Small shifts for fundamental rights

Meanwhile, the Council texts contain some, albeit limited, useful amendments to ensure the AI Act implements safeguards for fundamental rights. As called for by EDRi, the Slovenian text widens the prohibition on social scoring to include private actors, and removes vague and unhelpful references to ‘general purposes’ and also to scoring based on ‘trustworthiness. It is, however, still to be seen whether this prohibition is drafted appropriately to address the numerous algorithmic systems still having harmful and discriminatory impacts on people, including in social welfare provision.

There remain a number of open questions when it comes to the Council’s positions. It is still yet to be said if the Council will consider requiring fundamental rights impact assessments of AI systems, nor implementing rights and redress mechanisms for people affected by AI systems.

Further, when it comes to the question of enforcement and governance of the Act, the Council has yet to take a strong stance. There have been some indications that Member States have objected to the strong role the European Commission provides itself in the act. However, in the Slovenian text, there were only minimal steps to address this, including more references to the advisory role of the European AI board. Further, the Slovenian text proposed that the update of the list of high risk uses (Annex III) should only occur every 2 years, as opposed to the 1 year initially proposed.

What is civil society calling for?

Understanding that the use of AI can impact a wide range of communities and human rights, we have been organising our work on the AI Act closely with other civil society organisations, including Algorithm Watch, the International Platform for Undocumented Migrants (PICUM), Fair Trials and the European Disability Forum.

The majority of this work has been coordinated within EDRi’s ‘AI core group’, with members Access Now, Bits of Freedom, ECNL, epicenter.works and Panoptykon Foundation taking a leading role.

In November 2021, 123 civil society organisations launched a Political Statement on the EU Artificial Intelligence Act setting out our main recommendations for legislators.
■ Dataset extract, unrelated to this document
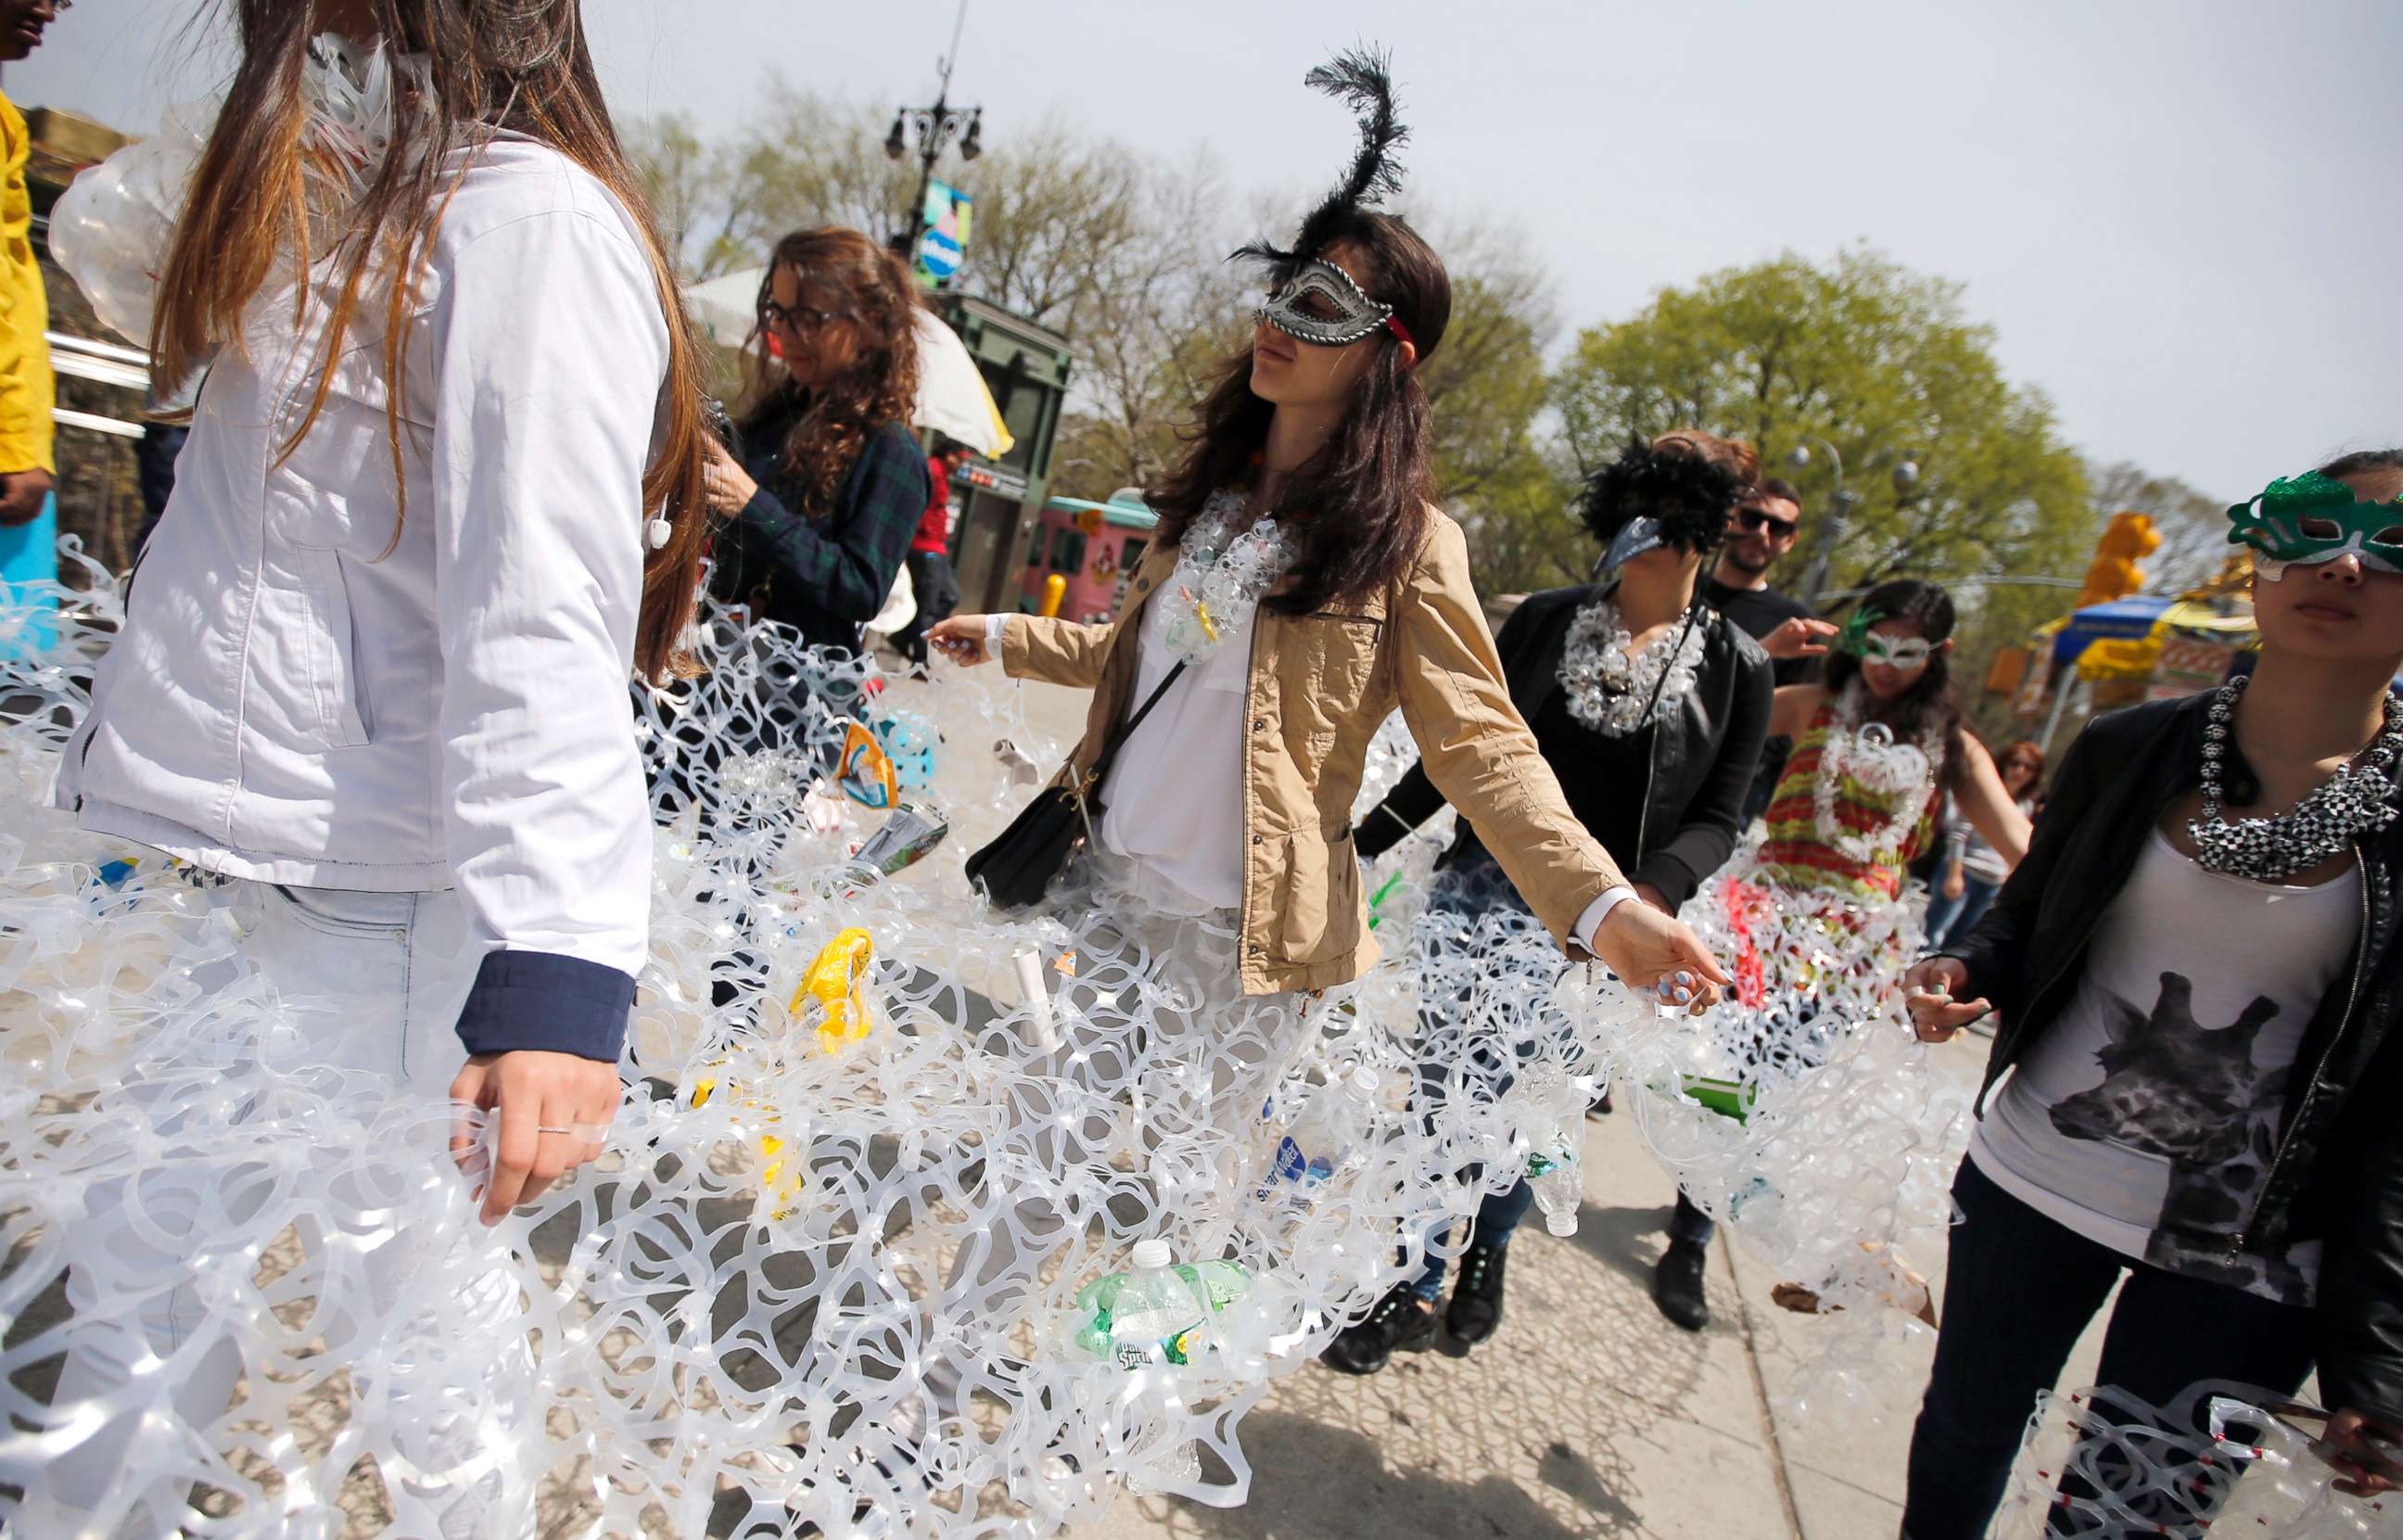 PHOTO: Demonstrators march together in plastic six pack rings during a demonstration to mark Earth Day in Manhattan, April 22, 2014, in this file photo in New York City.

Since then, we’ve been collaboratively developing amendments.

The amendments mainly relate to the following three themes:

This would include ensuring the list of ‘prohibited practices’ is wide enough to include all systems which pose an unacceptable risk for fundamental rights, including a full ban on remote biometric identification in publicly accessible spaces, biometric categorisation, emotion recognition (except for legitimate health uses), predictive policing, and invasive and discriminatory uses in the migration context.

Further, the AIA needs a meaningful way to update the risk-based system to include AI systems that are developed in the future that may also pose a ‘high’ or ‘unacceptable’ risk.

The AIA needs a meaningful mechanism to ensure foresight, transparency and accountability to those affected by the use of high-risk AI. Currently the Act focuses on highly technical, self-assessed checks by AI providers, but does little to oblige the ‘users’ of high risk AI to assess and document the potential impact of these systems in the context of their use. There must be an obligation on users to conduct and publish a fundamental rights impact assessment before using high-risk AI, and to register uses on the public database already in the AIA.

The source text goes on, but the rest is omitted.